Use Python’s standard-library CSV reader
For a simple row-by-row audit without pandas, csv.DictReader exposes each record as a mapping from header names to values. This example uses the ISO-style format above and reports line numbers alongside identifiers and raw values.
import csv
from datetime import datetime
path = "metadata.csv"
date_column = "filing_date" # replace with the actual header
id_column = "record_id" # replace with a stable record identifier
def is_valid_date(value):
try:
datetime.strptime(value, "%Y-%m-%d")
return True
except ValueError:
return False
with open(path, newline="", encoding="utf-8-sig") as csvfile:
reader = csv.DictReader(csvfile)
missing = []
invalid = []
for line_number, row in enumerate(reader, start=2):
raw = row.get(date_column)
value = raw.strip() if raw is not None else ""
record_id = row.get(id_column)
if value == "":
missing.append((line_number, record_id, raw))
elif not is_valid_date(value):
invalid.append((line_number, record_id, raw))
print("Missing date rows:")
for item in missing:
print(item)
print("Nonblank values that failed date parsing:")
for item in invalid:
print(item)
The script numbers the header as line 1, so its reported line number is the physical CSV line for ordinary one-line records; quoted fields containing embedded newlines can make physical line numbering differ from record numbering. Python’s csv documentation notes that DictReader fills missing fields in a short row with restval, whose default is None.
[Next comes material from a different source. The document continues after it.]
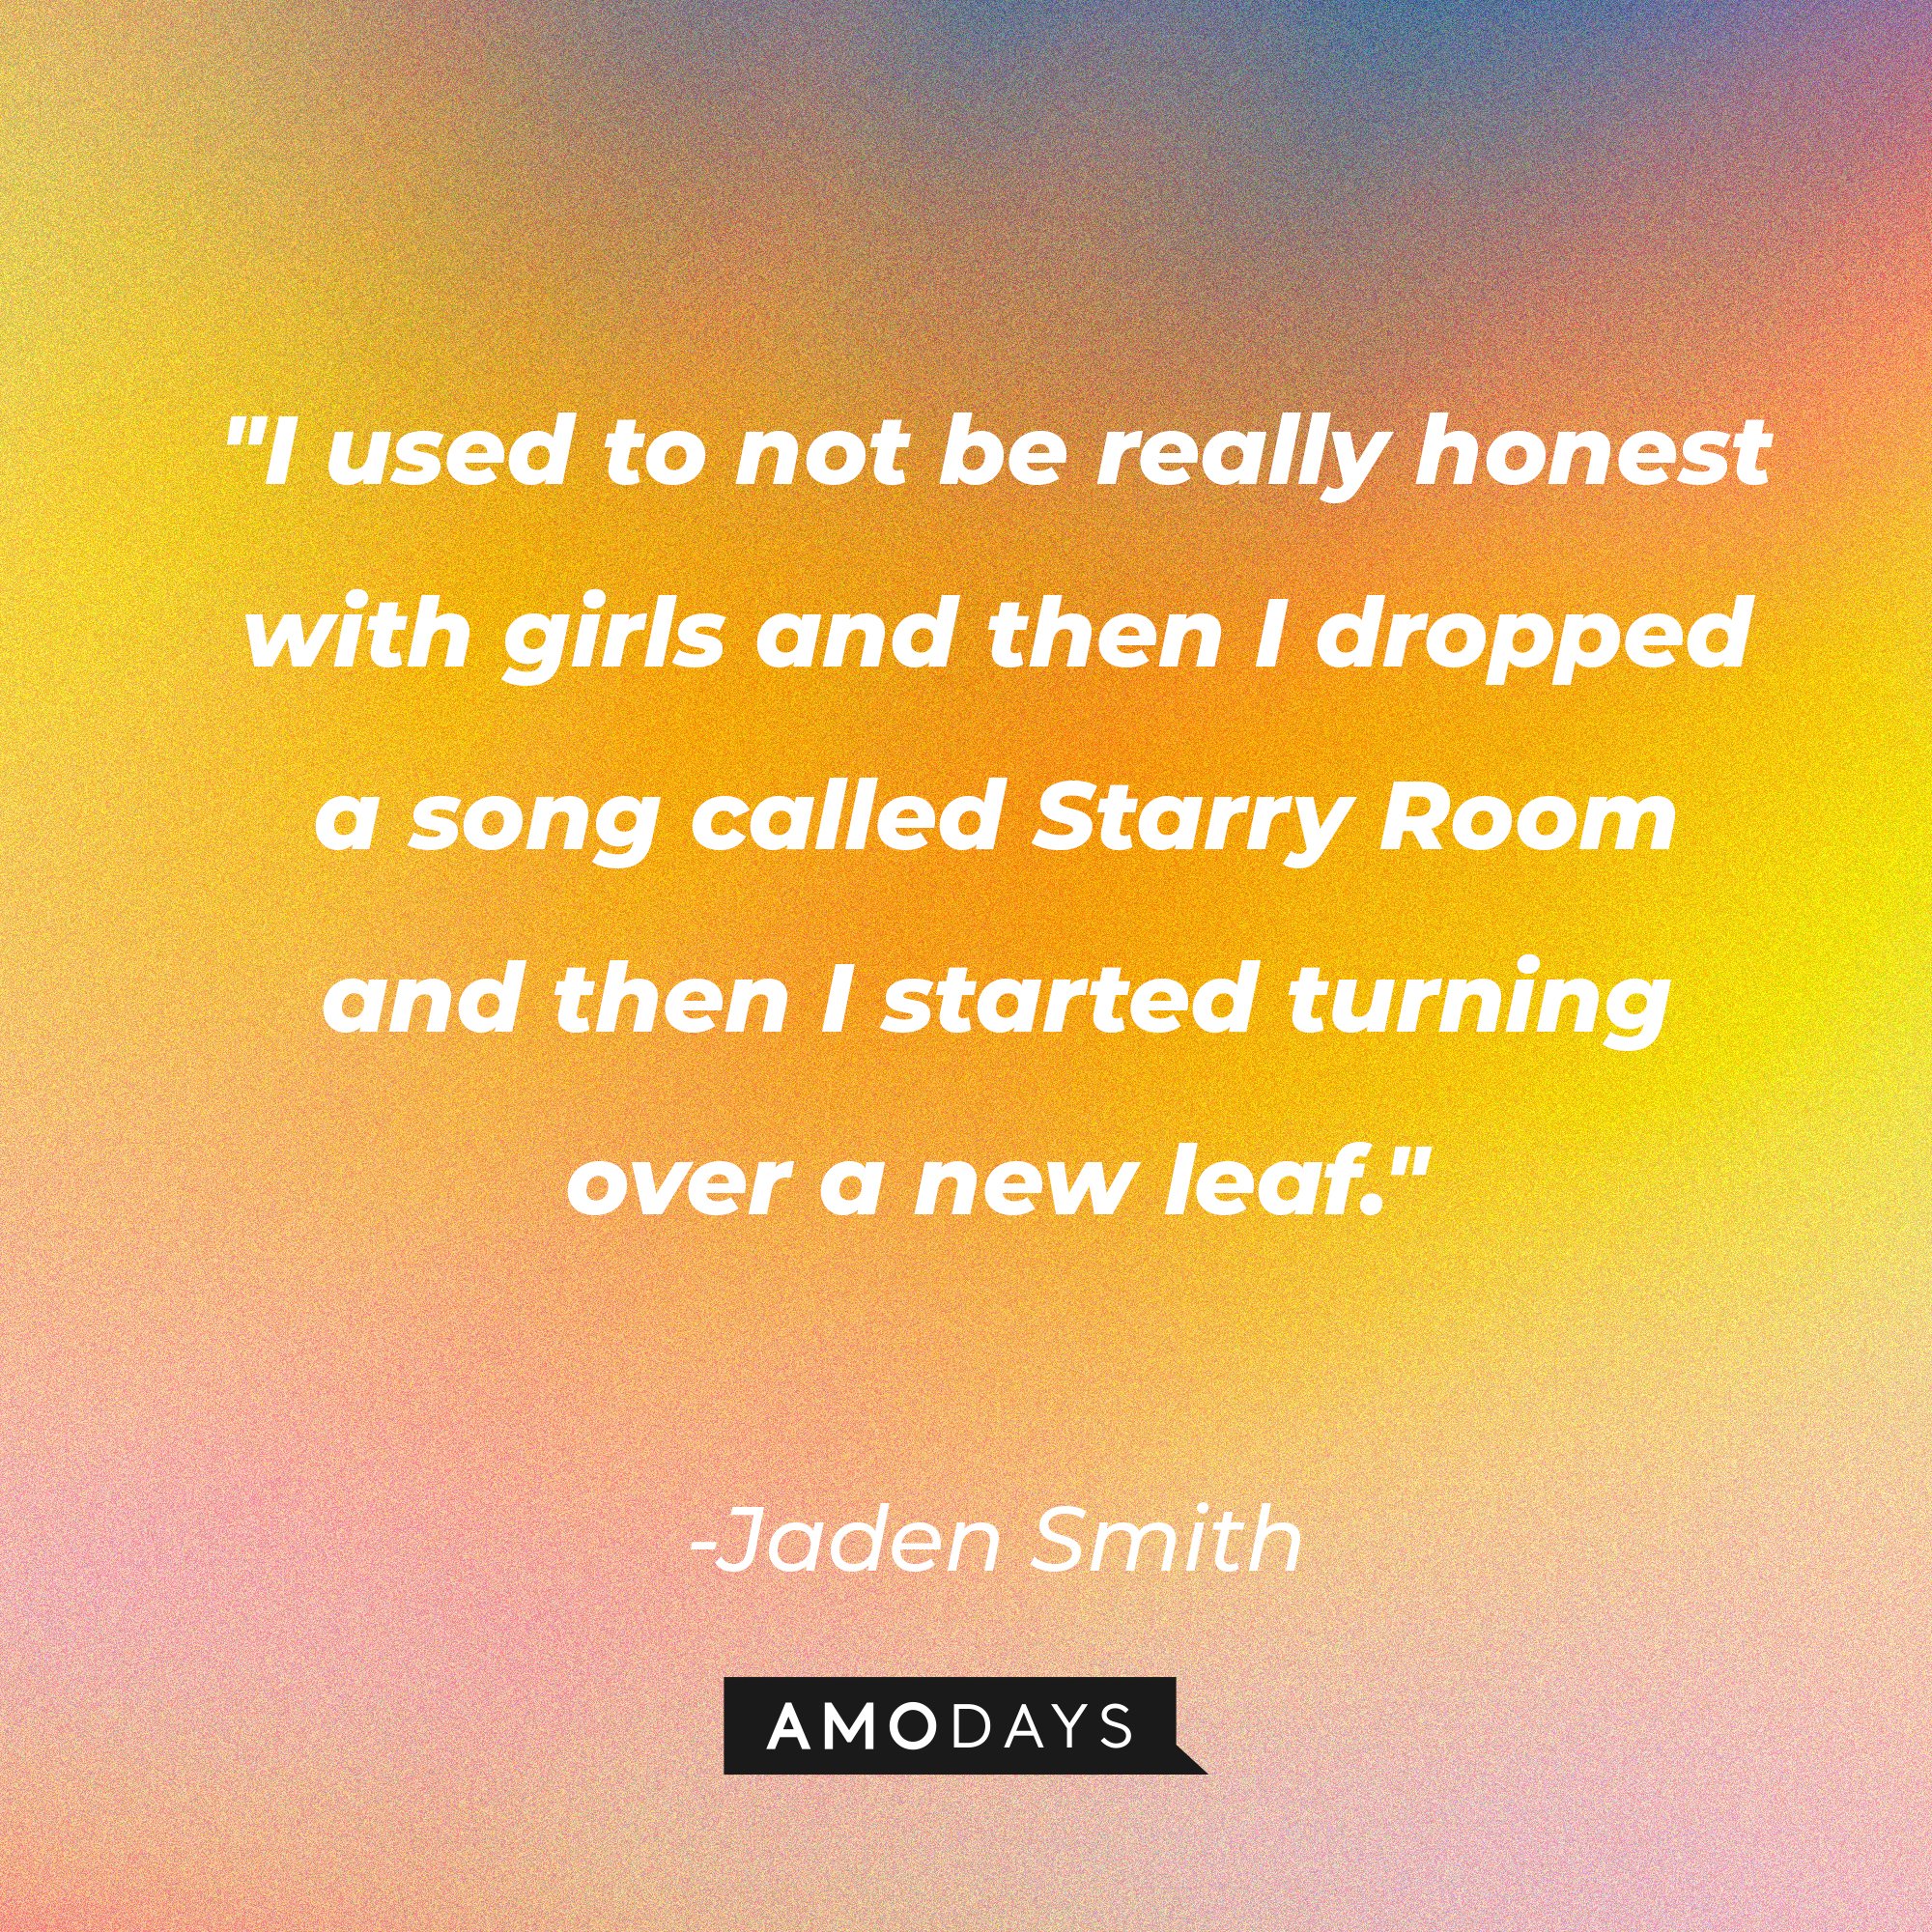 Jaden Smith's quote: "I used to not be really honest with girls and then I dropped a song called Starry Room and then I started turning over a new leaf." | Image: AmoDays

The example treats a missing date key or a None value as blank; malformed row structure may still merit separate review.
Choose a method for your workflow
| Method | Good fit when | Consideration |
|---|---|---|
| pandas | You already use pandas or want column-based filtering and reporting. | Be deliberate about CSV missing-value settings and explicit date parsing. |
Python csv |
A dependency-free, row-by-row check is sufficient. | You write the classification and reporting logic yourself. |
The documentation describes API behavior, not performance for your particular file; it does not establish that one method is faster for this task.
Quick Recap
Best Value
Review findings without changing the source
- Keep an untouched copy of the input CSV before any later cleanup.
- Review the identifier and original date value for every reported row.
- Confirm that the expected format and missing markers come from the source system or applicable schema.
- Decide separately how any verified corrections should be recorded; the audit itself should not infer or apply replacement dates.
Product prices and availability are accurate as of the date/time indicated and are subject to change. Any price and availability information displayed on Amazon at the time of purchase will apply.